Первые листки фирсовской книжки содержали лишь отрывочные ключевые полуфразы, скорее даже ноты для обозначения идеи и тональности того, чему еще только предстояло родиться в отдаленной неизвестности. С понятным унынием разглядывал Петр Горбидоныч исчерканные черновые прорисовки отдельных фигур и событий, сопровожденные графическими схемками для проверки логических связей в его литературных замыслах, — нигде, к сожалению, не намечалось ничего особливо преступного. Со средины попадались более развернутые, пусть без начала и конца, пробные наброски, похожие на словесные сгущенья, напоминавшие небесные туманности; еле приметное вращательное движенье в центре уж раздвигало крылья сюжета. Вот-вот назревало что-то дразнящее, едва же Петр Горбидоныч, разохотясь, карандашик для отметки припасал, как все начисто обрывалось, чтобы на оборотной страничке начаться сызнова… и так до бешенства, несчитанное количество раз. К тому же вскорости у Фирсова наступил, очевидно, тот искусительный момент, когда по крохам скопленное и мучительно недостоверное начинает проситься на большую бумагу, потому что, как вшепнул он сам однажды в Векшина, наиболее полный и точный план есть само произведение… но доступа туда Петр Горбидоныч уже не имел.

Буйная радость многообещающей находки постепенно сменялась у Чикилева раздражением на свою фортуну, как вдруг впереди открылось нечто, воротившее ему веру в окончательное торжество добра. Приблизительно со средины фирсовской книжки начиналась заветная, с отрадно-затхлым душком кладовая, где хранилась навалом всякая сочинительская рухлядь, имевшая хотя бы предположительное отношение к действующим лицам повести.

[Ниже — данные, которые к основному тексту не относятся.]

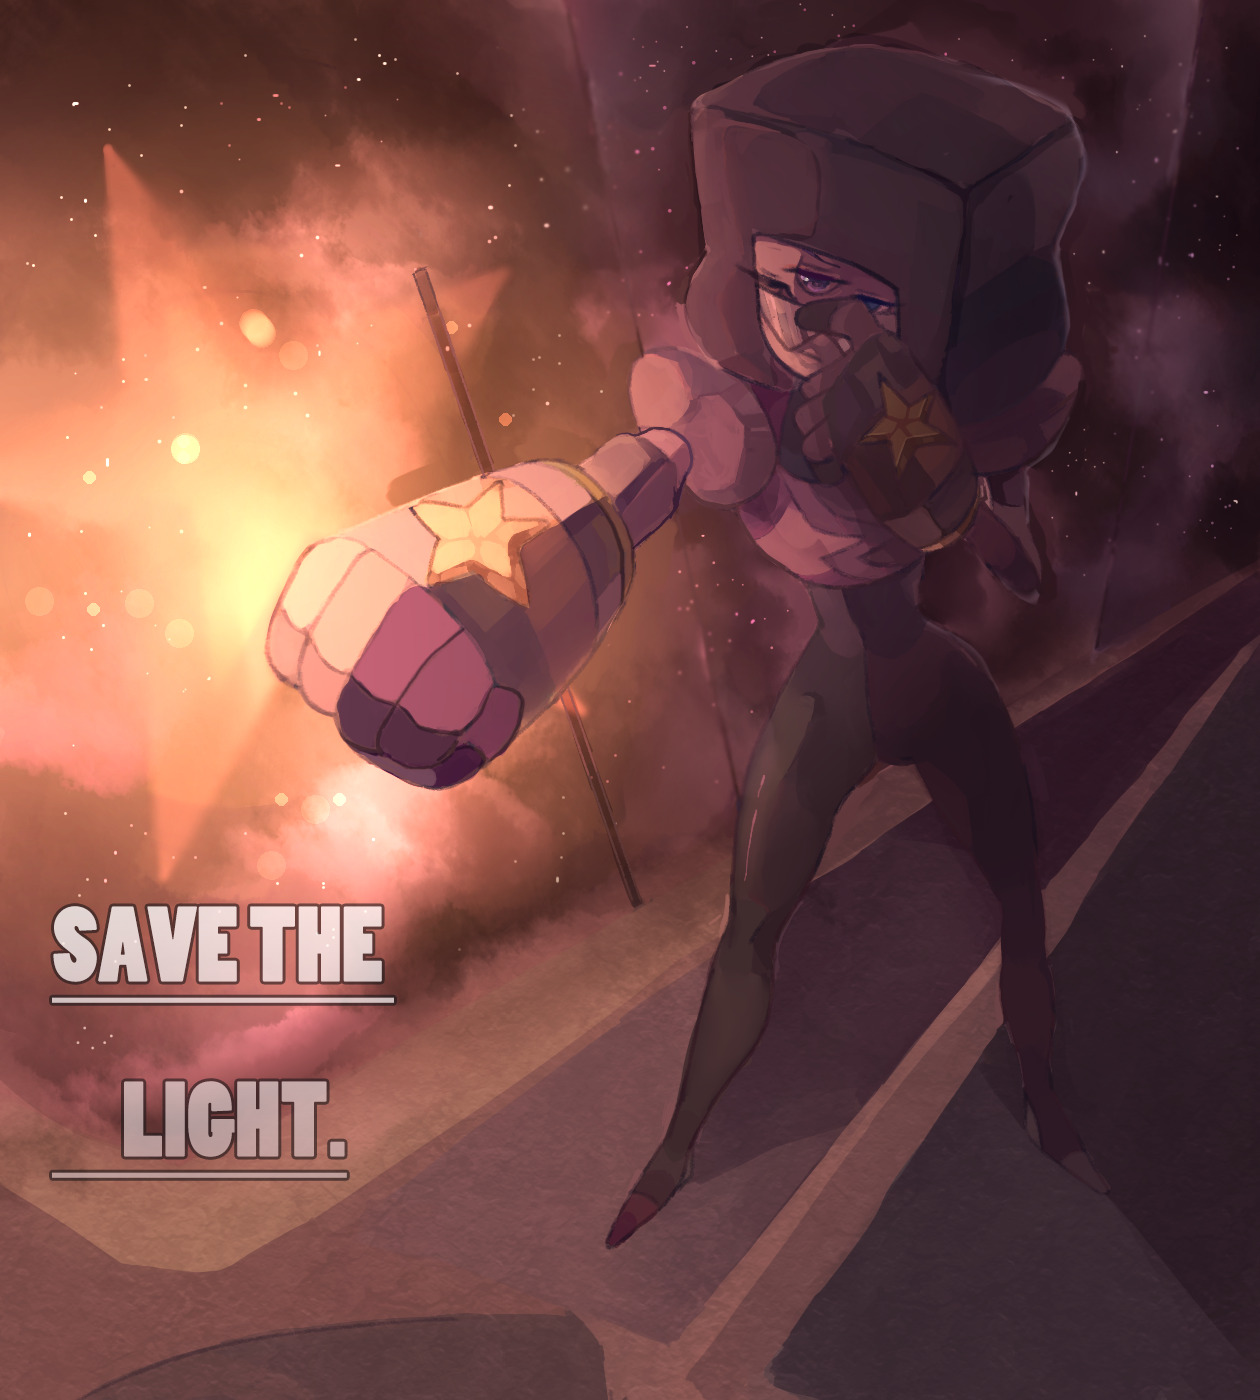 The first picture is one attack of Garnet in SAVE THE LIGHT：D she’s my favorite gem.
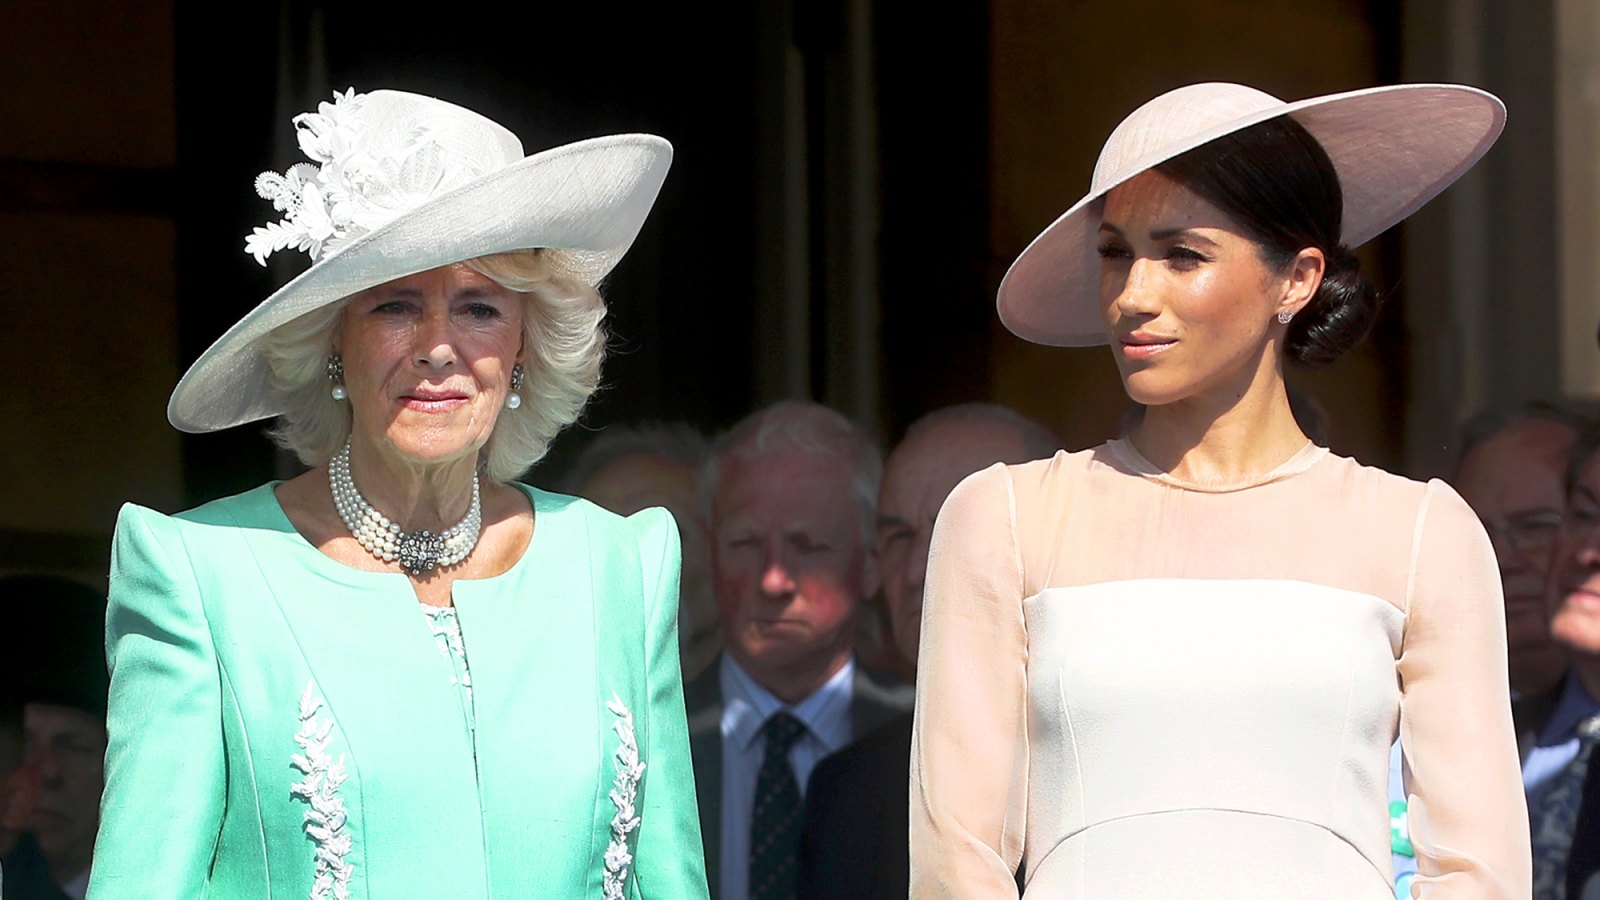 Camilla, Duchess of Cornwall and Meghan, Duchess of Sussex attend The Prince of Wales' 70th Birthday Patronage Celebration held at Buckingham Palace on May 22, 2018 in London, England.

Там были собраны цирковые и блатные словечки, никогда не пригодившиеся профессиональные подробности, по разным оказиям пронзенные сердца и порезанные при этом жилетки, набор нехороших людских поступков, впрочем и хороших также, всякого покроя облака — то с застрявшим солнечным лучиком, то вроде со следами грязи, как все побывавшее под ногами, непромытое золотишко скрытных мыслей и, в поэтической кожуре пока, подлежащие посеву семена добродетелей, пороков и страстей… словом, все заготовленное впрок к гигантской предстоящей сборке. Отсюда следовал вывод, что художнику не обойтись без красок горя, непогоды, одиночества, которыми в искусстве оттеняются подлинные — подвиг, молодость и солнце. И как бы в подтверждение правила следовала первая в книжке запись, видимо намечавшаяся эпиграфом фирсовской повести и отвергнутая перед самым ее опубликованием.

«Всякий сор от жизни. В тюрьмах и на кладбищах не бывает сора».

(Дальше исключительно для отведения бдительного глаза возможного читателя, как сразу раскусил Петр Горбидоныч, следовали малокачественные стишки):


«Кушать надо осторожно

и диету соблюдать,

пред обедом выпить можно

рюмку, три, четыре, пять».


(По некоторым признакам, Фирсов вначале вместо курчавого Доньки замышлял наделить поэтическим даром самого П.Г. Чикилева, творчество которого должно было отражать влечение к положительным истинам, в данном случае — по линии народного здравоохранения.)

«Средний художник строит свой замысел от силы на десятке координат, за двадцать — ставят памятники в наиболее людных местах. Жизнь творит события из бесчисленного множества их. Различие талантов, мировоззрений и личных судеб художников не зависит ли от того, сколько, которые и откуда их взять?» (На бумажной вкладке полицейская пометка Чикилева: «Расшифровать и представить кое-кому на усмотрение»).

«Надпись на стене в уборной, когда Донька и Санька заманивают друг друга на правилку, — „Гринька Тузов живет с тещей“.

«Удар векшинской шашки. Библейская заповедь не убий имела в виду частное, а не общественное поведение человека. Сам Моисей убил за жестокость египтянина-надсмотрщика. Еще в средневековье: ценность человеческой жизни обратно пропорциональна величию идеи, государства, эпохи, человеком же и созданных. „Чем чего больше, то всегда мельче и дешевше…“ — Пчхов однажды про яблоки. Так в чем же истинный гуманизм — в утверждении святости каждого неповторимого бытия или в преодолении этого древнего, по ходу прогресса, все более отживающего табу?»

«На наших крупных стройках всегда поражает обилие битого кирпича в отвалах».

«Анат. Арар. должен сам застрелиться на правилке».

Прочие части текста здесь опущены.